Cystic Fibrosis

What is cystic fibrosis?

Cystic fibrosis is an inherited disease caused by a faulty gene. This gene controls the movement of salt and water in and out of your cells, so the lungs and digestive system become clogged with mucus, making it hard to breathe and digest food.

More than two million people in the UK carry the faulty gene – around 1 in 25 of the population.

There is currently no cure for CF but many treatments are available to manage it, including physiotherapy, exercise, medication and nutrition. Each week five babies are born with CF, and two people die.
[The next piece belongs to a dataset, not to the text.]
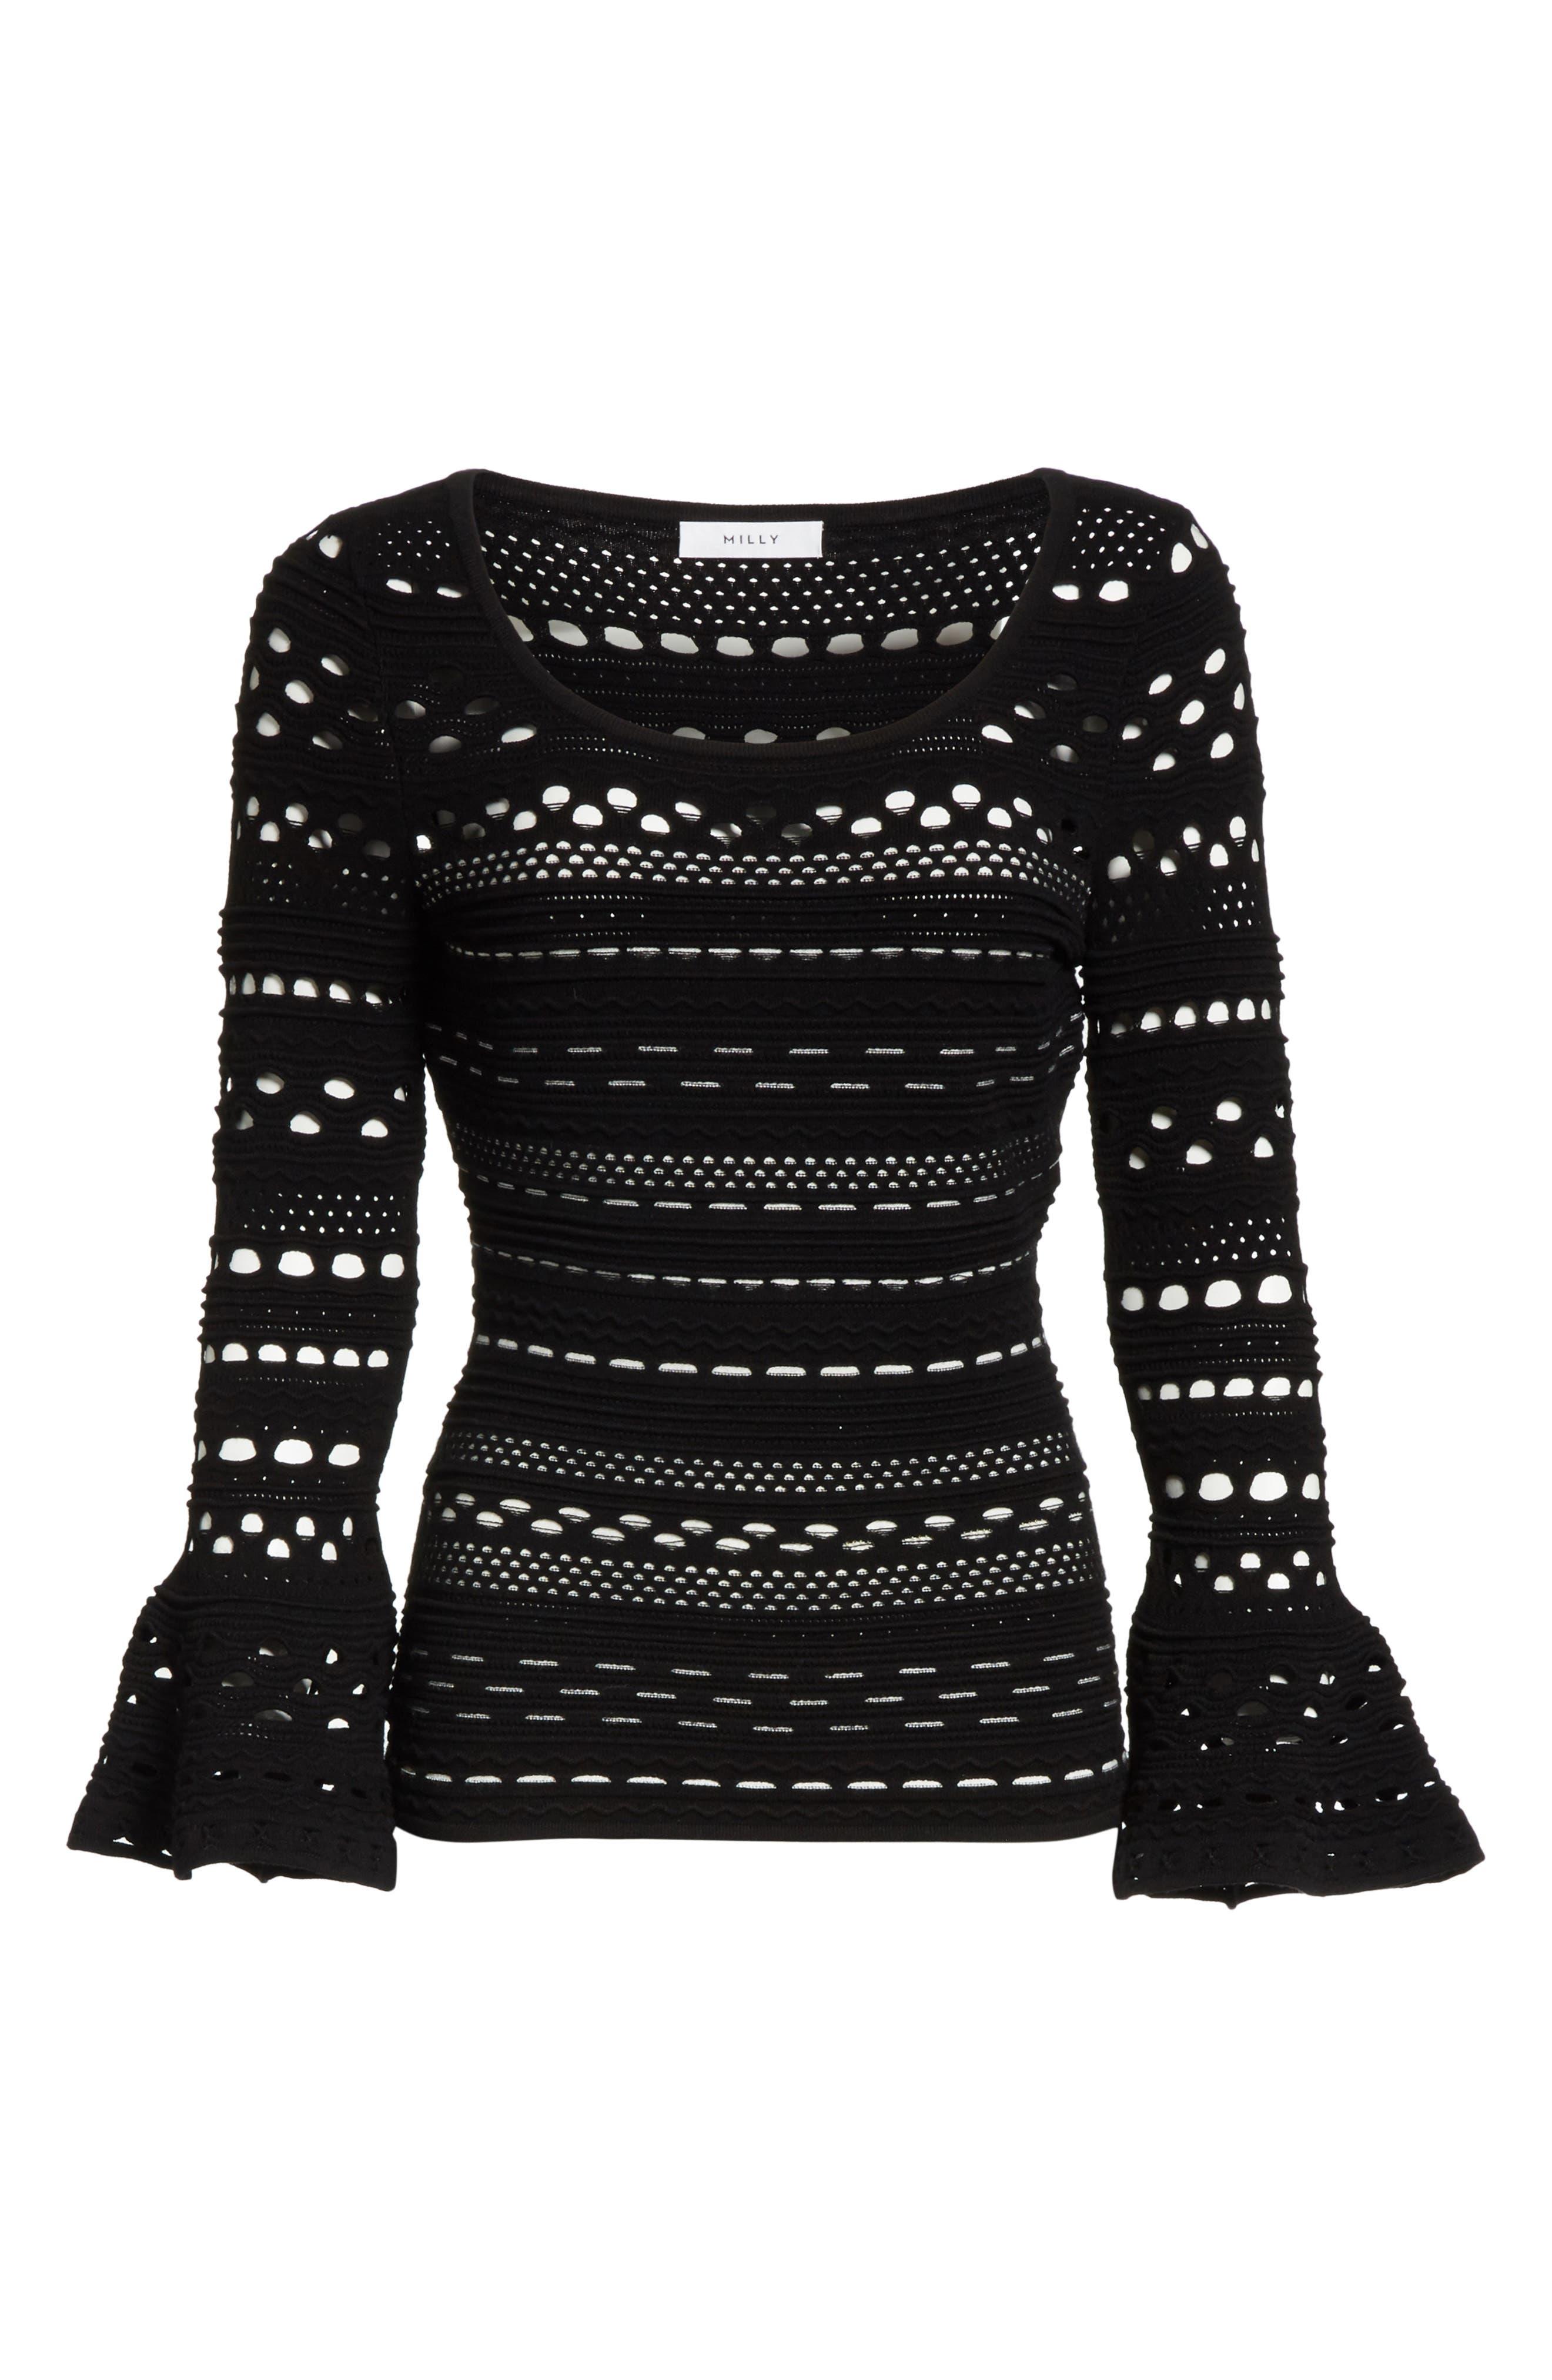 Lace Knit Top,                             Alternate thumbnail 6, color,                             Black/ White

More than half of the CF population in the UK will live past 41, and improved care and treatments mean that a baby born today is expected to live even longer.

Physiotherapy

For people with cystic fibrosis, physiotherapy helps clear the thick, sticky mucus from the lungs.

Parents are taught how to do physiotherapy with their child by the physiotherapist in the CF clinic. Adults with CF can learn to carry out their own physiotherapy.

Why is chest physiotherapy important?

Chest physiotherapy helps prevent thick, sticky mucus in the lungs from blocking the airways, which can reduce infection and prevent lung damage.

What physiotherapy techniques are there?

There are lots of different airway clearance techniques, and a specialist CF physiotherapist will conduct an individual assessment and give advice on the most appropriate technique to use, as well as the length and frequency of treatment sessions.

The technique used may change as you get older, or as the effects of your disease changes. The amount of mucus you clear will also vary, sometimes even from day to day.

Some techniques require no equipment, and focus on specific breathing exercises:

• Active Cycle of Breathing Techniques (ACBT)
• Autogenic Drainage
• Other techniques employ a device to aid the clearance of mucus, using positive pressure to hold open the airways, and some also create vibrations within the airways:
• Positive Expiratory Pressure (PEP)
• Oscillating Positive Expiratory Pressure – e.g. Flutter®, Acapella®

Some techniques involve large pieces of equipment which can be expensive, and may therefore only be available in hospital:

• High frequency chest wall oscillation (HFCWO) – an electric air compressor connects to an inflatable jacket (vest) to vibrate your chest

How much physiotherapy do you need?
The length of treatment sessions varies according to your needs. Daily physiotherapy is usually required, and if you have a chest infection you may need to increase the amount of airway clearance you do.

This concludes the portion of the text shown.